The first interesting thing is that the statements inside the two cost functions ignore “y_true” completely. Unfortunately, a small test shows that we nevertheless must provide some reasonable dummy tensors here. “None” is NOT working in this case.

The dictionary organizes the different costs and their relation to the three output channels of our VAE-model. I have included the metrics as a comment for the moment. It would only produce double output and consume a bit of performance.

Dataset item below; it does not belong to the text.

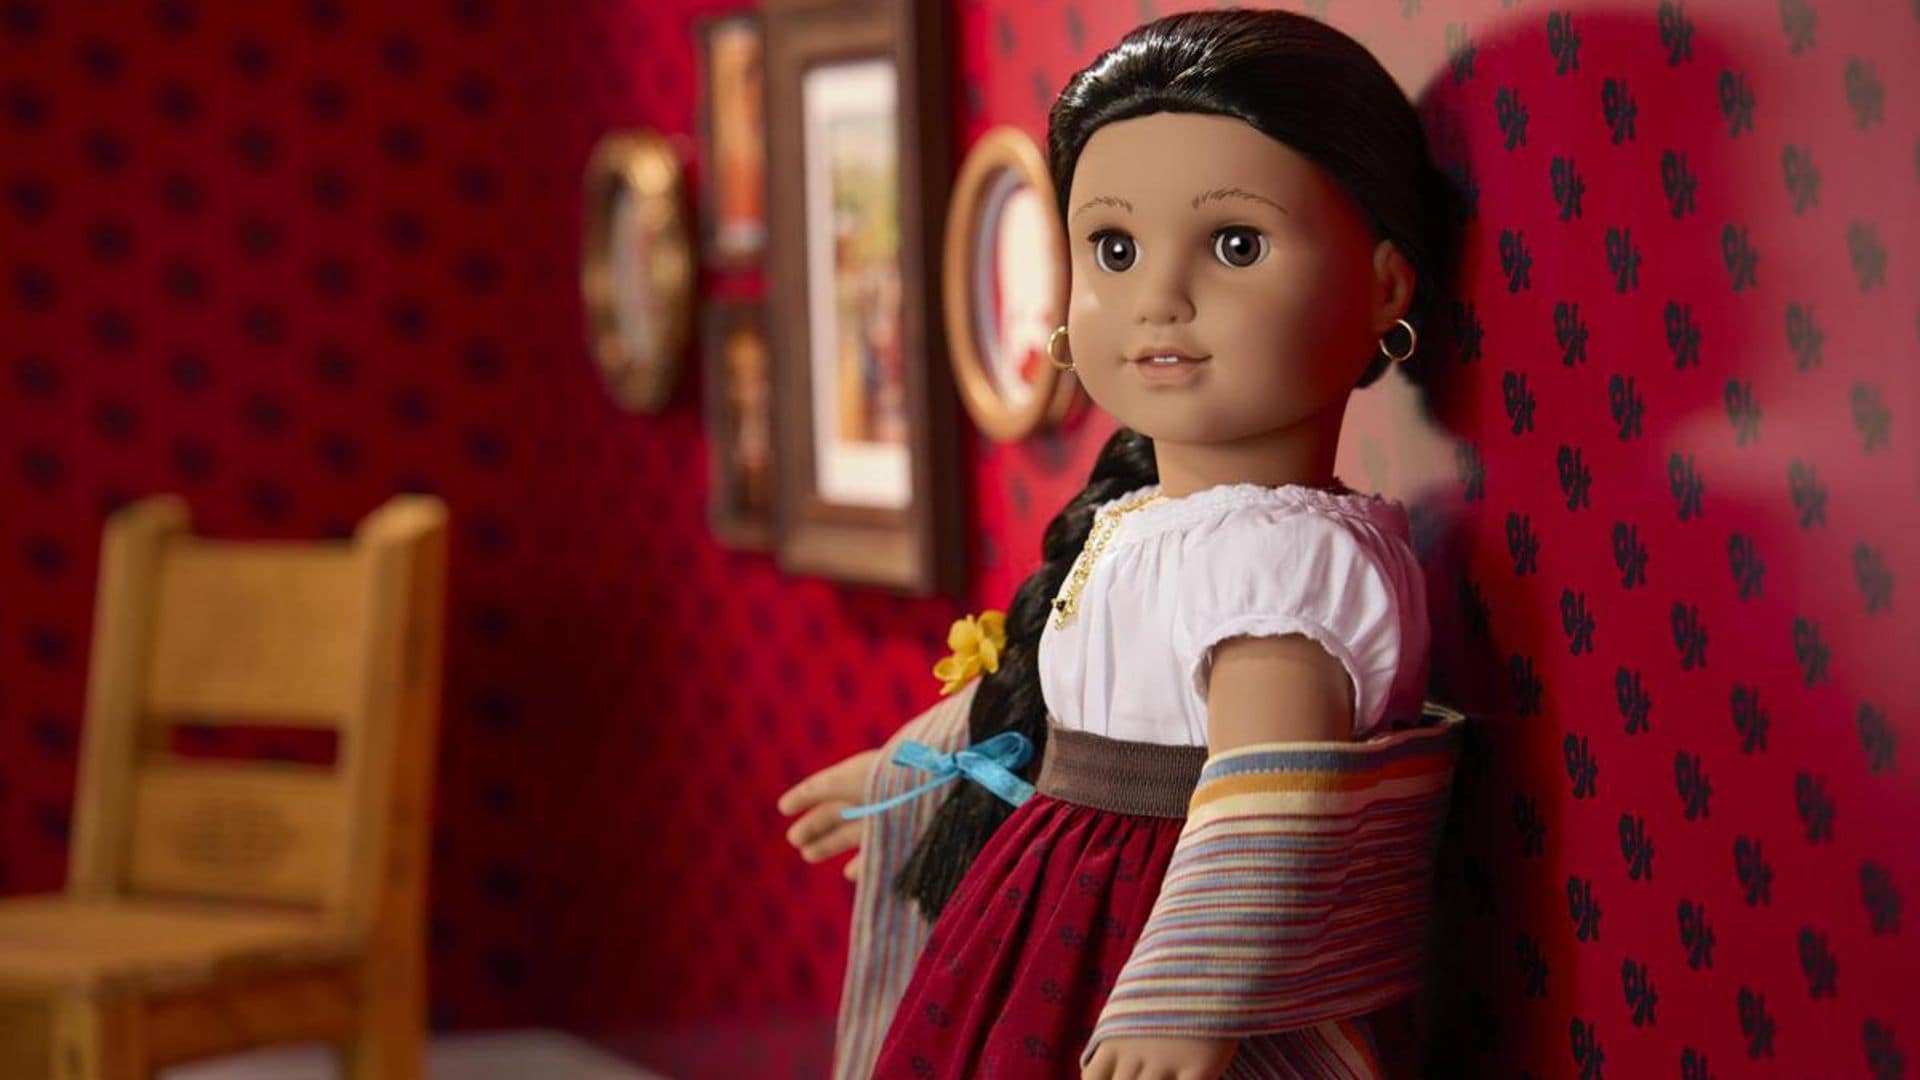 American Girl revives classic historical doll, Josefina Montoya

A method for training and fit()

To enable training we use the following function:

    def train_myVAE(self, x_train, batch_size, epochs, initial_epoch = 0, t_mu=None, t_logvar=None ):

        if self.solution_type == 0: 
            self.model.fit(     
                x_train
                , x_train
                , batch_size = batch_size
                , shuffle = True
                , epochs = epochs
                , initial_epoch = initial_epoch
            )
        if self.solution_type == 1: 
            self.model.fit(     
                x_train
                # , [x_train, t_mu, t_logvar] # we provide some dummy tensors here  
                , {'vae_out_main': x_train, 'vae_out_mu': t_mu, 'vae_out_var':t_logvar}
                , batch_size = batch_size
                , shuffle = True
                , epochs = epochs
                , initial_epoch = initial_epoch
            )

You may wonder what the “t_mu” and “t_log_var” stand for. These are the dummy tensors which have to provide to the cost functions. The fit() function gets “x_train” as the model’s input. The tensors “y_pred”, for which we optimize, are handed over to the three loss functions by

{ 'vae_out_main': x_train, 'vae_out_mu': t_mu, 'vae_out_var':t_logvar}

Again, I have organized the correct association to each output and loss contribution via a dictionary.

Testing

We can use the same Jupyter notebook with almost the same cells as in my last post V. An adaption is only required for the cells starting the training.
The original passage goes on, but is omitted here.